Another update since yesterday. This morning I did two more tests on the ground for > 10 minutes and did not have any transient satellite drops. I then did a ~36 minute flight, and also left the drone on for about 25 minutes or so, total time 61 minutes logging, with no issues seen.

This is pretty compelling so far, at least with regards to getting rid of the original problem. Will update if anything else transpires, but for now, I will probably return to flights.

Still eager to hear back from anyone else, and especially CubePilot’s thoughts on the evidence so far.

Hello,

I figured that even though I haven’t heard back, I’ll go ahead and post some more information that I collected and learned today.

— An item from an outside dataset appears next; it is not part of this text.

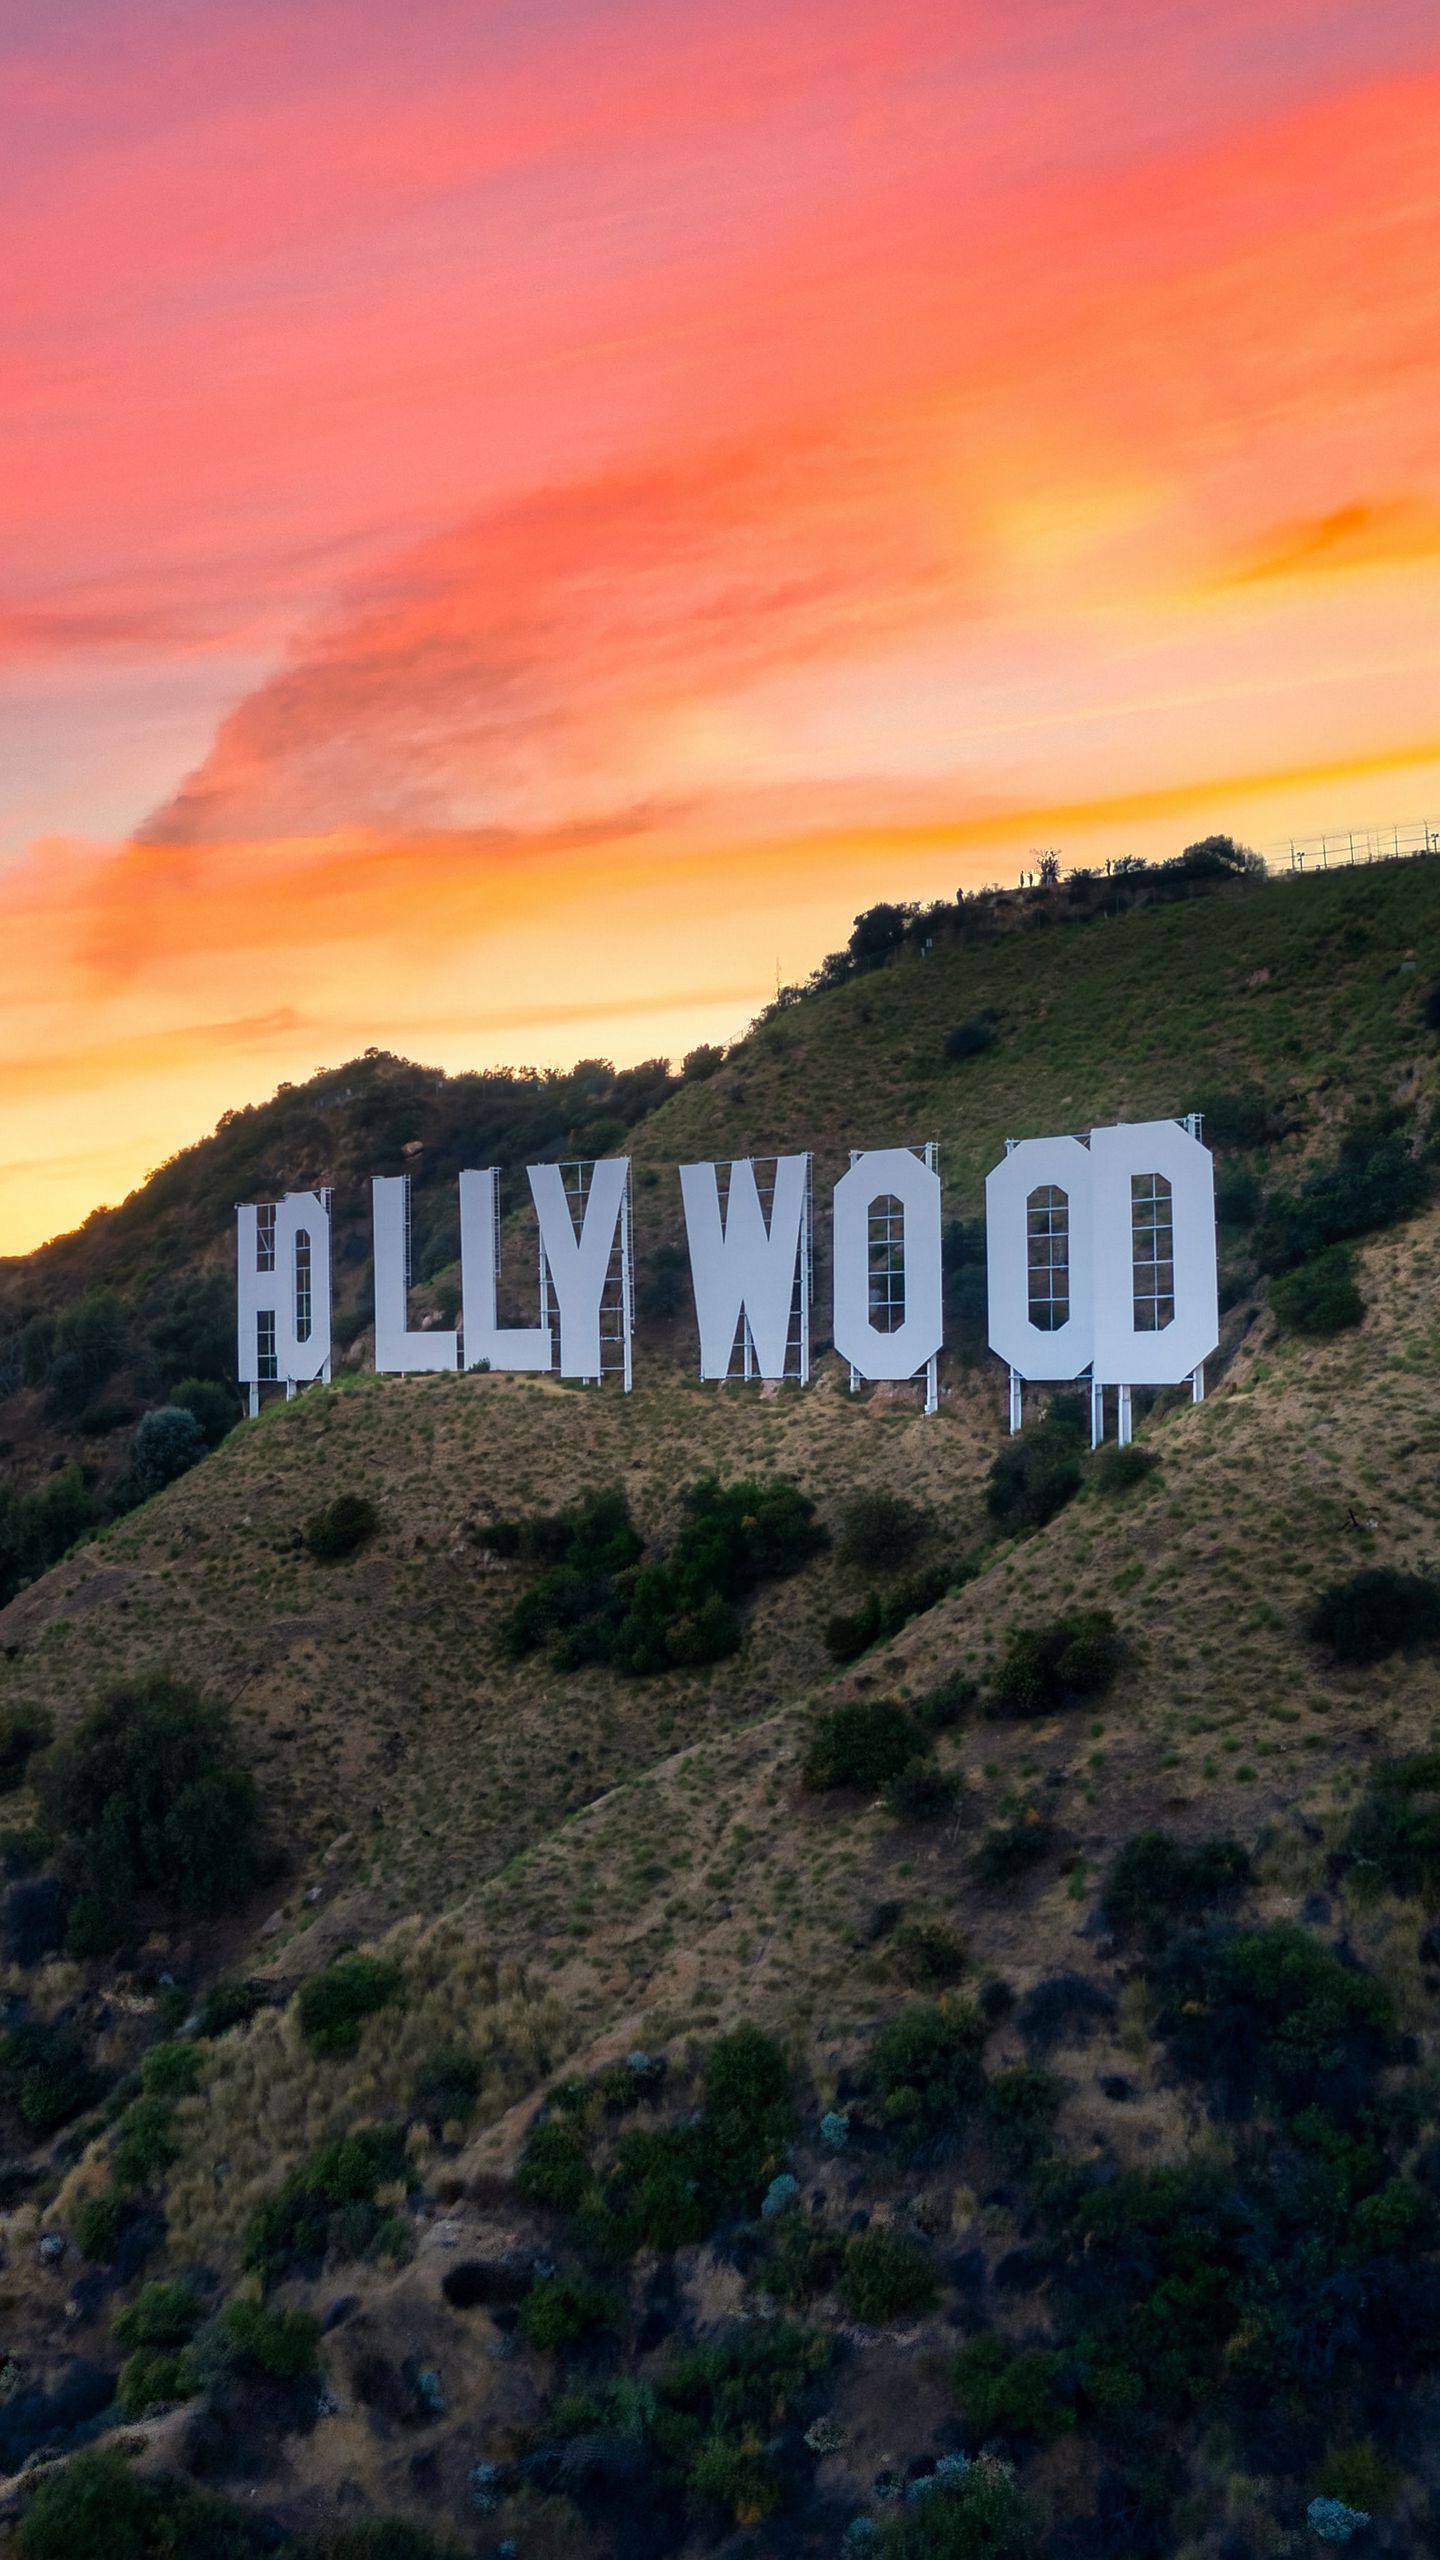 Wallpaper ID 212230  bright white sunset next to the hollywood sign  white sunset next to hollywood sign 4k wallpaper free download

I ended up poking around the CubePilot GNSSPeriph-release GitHub repository and noticed there’s a gps_debug GUI in there whose glitch-detection rules are an exact match for the symptoms people are reporting (sat-count cliffs, fix downgrades, position jumps), and it includes raw UBX capture via a tunnel to the u-blox. It looks built for diagnosing this specific bug, so it seems clear CubePilot is aware and working on it. I built the GUI and used it successfully today to capture some logs from a new Here4 unit that was exhibiting the symptom.

The most useful capture was an unmolested one, where gps_debug was just recording in the background and the bug fired naturally about 8 minutes in. From the data, it looks like an internal u-blox firmware event rather than external RF. The RF spectrum is unchanged through the event, the receiver’s clock is undisturbed, and MON-HW shows a clean deterministic step in the L1-band AGC value. The disruption appears to specifically affect L1-band tracking loops (GPS L1 and Galileo E1) for about a second before recovering.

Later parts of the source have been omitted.